После этой торжественной речи папаша Сильва повел их в оперетку и сидел между ними, похлопывая Мартина по плечу, Леору по руке, смеясь до слез, когда актер попадал ногою в ведро с белилами. В полуночном красноречии Мартин и Леора, захлебываясь, говорили о своей нежности к нему, и Уитсильвания рисовалась им как путь к спасению и славе.
Но за несколько дней до окончания стажерской практики и отъезда в Северную Дакоту они встретили на улице Макса Готлиба.
Мартин не видел его больше года; Леора никогда. Он выглядел измученным и больным. Пока Мартин терзался вопросом, не пройти ли с поклоном мимо, Готлиб остановился.
— Как живете, Мартин? — сказал он сердечно. Но глаза его говорили: «Почему ты ко мне не вернулся?»
Мартин пробормотал что-то — ничего не значащие слова, и когда Готлиб пошел дальше, сгорбившись и как будто едва перемогая боль, юноше томительно захотелось побежать за ним.
Леора спросила:
— Это тот профессор Готлиб, о котором ты всегда говоришь?
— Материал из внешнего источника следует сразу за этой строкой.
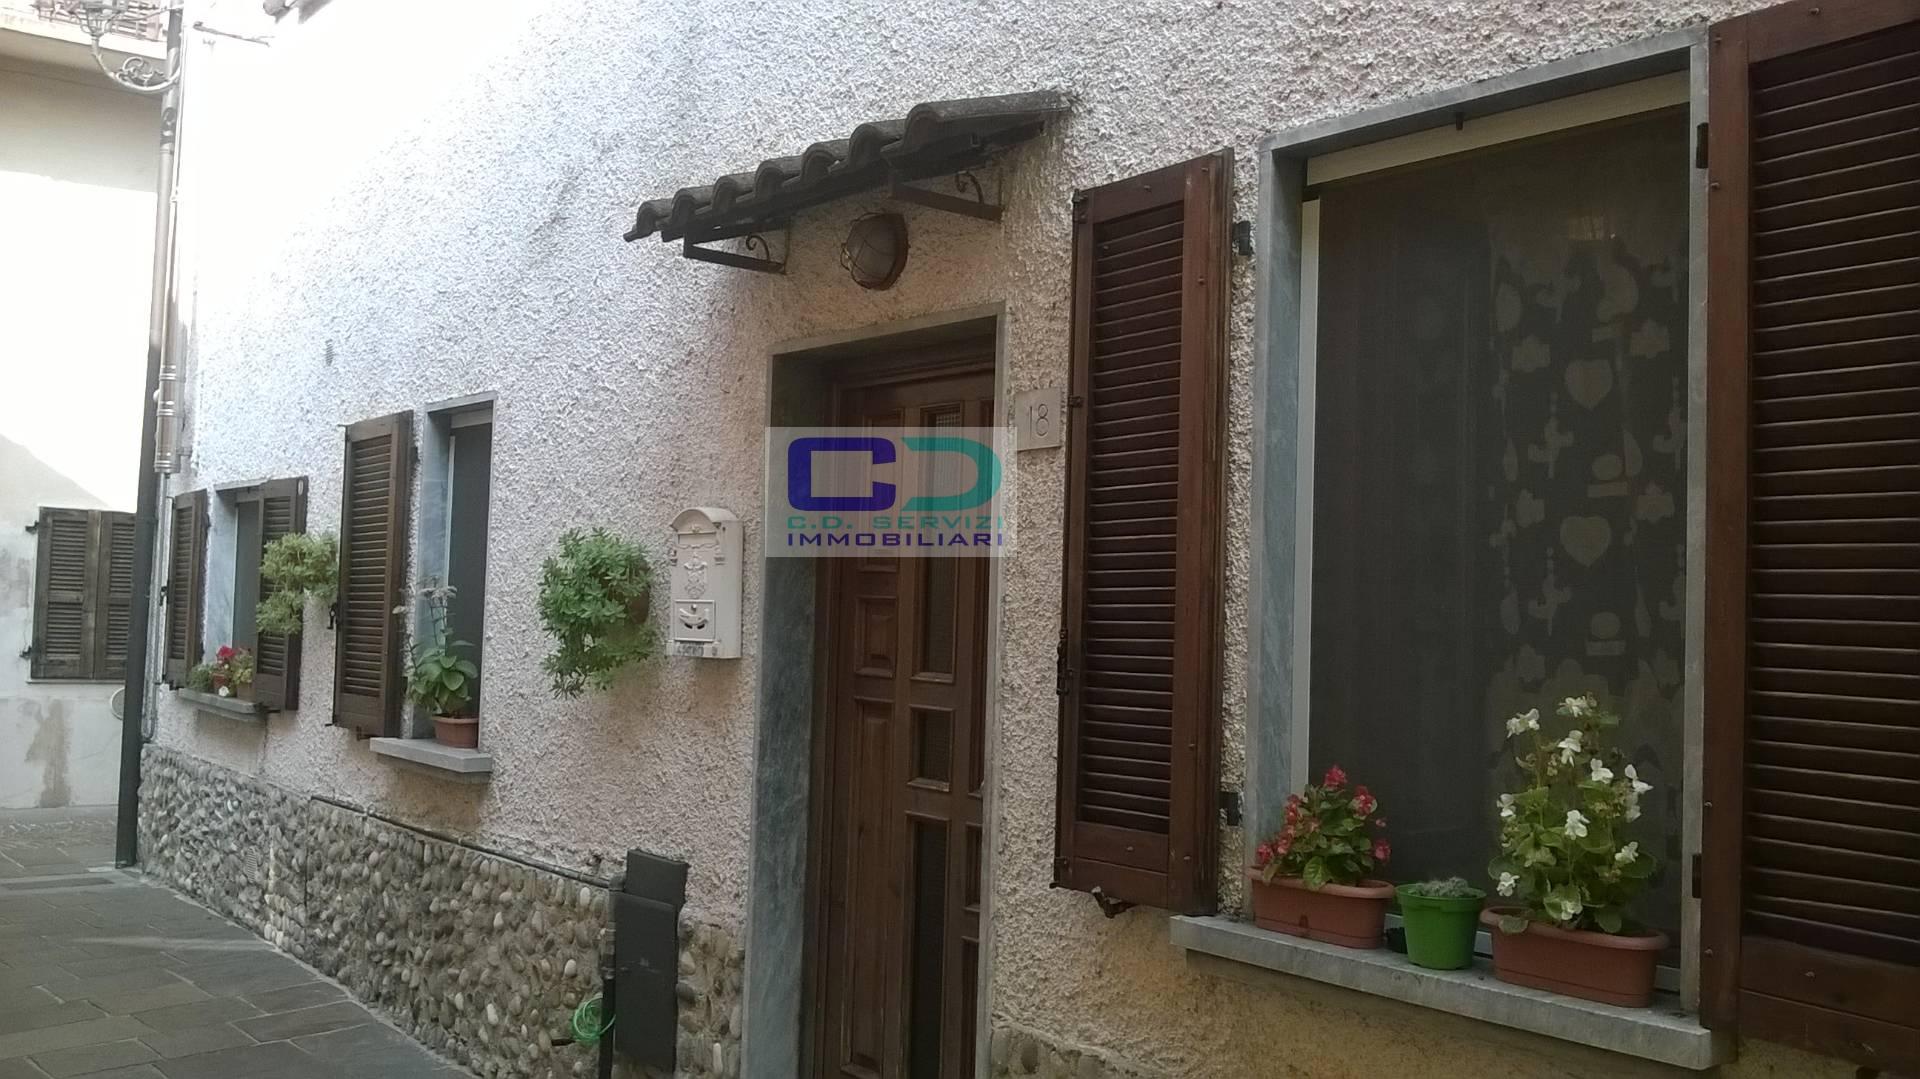 Appartamento in affitto a Cassano d'Adda, 3 locali, prezzo € 550 | CambioCasa.it

— Да. Скажи, как он тебе показался?
— Я никогда… Рыжик, он самый большой человек, какого я только видела! Не знаю, откуда я это знаю, но это так! Доктор Сильва миляга, но этот — большой человек! Я — я хотела бы, чтобы мы с ним встречались. Я в первый раз вижу человека, для которого я бросила бы тебя, если б он меня позвал. Он такой… ах, он как меч… нет, как ходячий мозг. Но, Рыжик, у него был такой измученный вид. Мне хотелось расплакаться. Я бы чистила ему сапоги!
— Ах, черт возьми! Я тоже!
Но в хлопотах по отъезду из Зенита, в радостных сборах, в горячке государственных экзаменов, в гордости званием практикующего врача он забыл Готлиба, и там, в Дакоте, в сияющей под июньским солнцем прерии, где на каждой изгороди распевали полевые жаворонки, он начал свою работу.
12
В ту пору, когда Мартин встретил его на улице, Готлиб погибал.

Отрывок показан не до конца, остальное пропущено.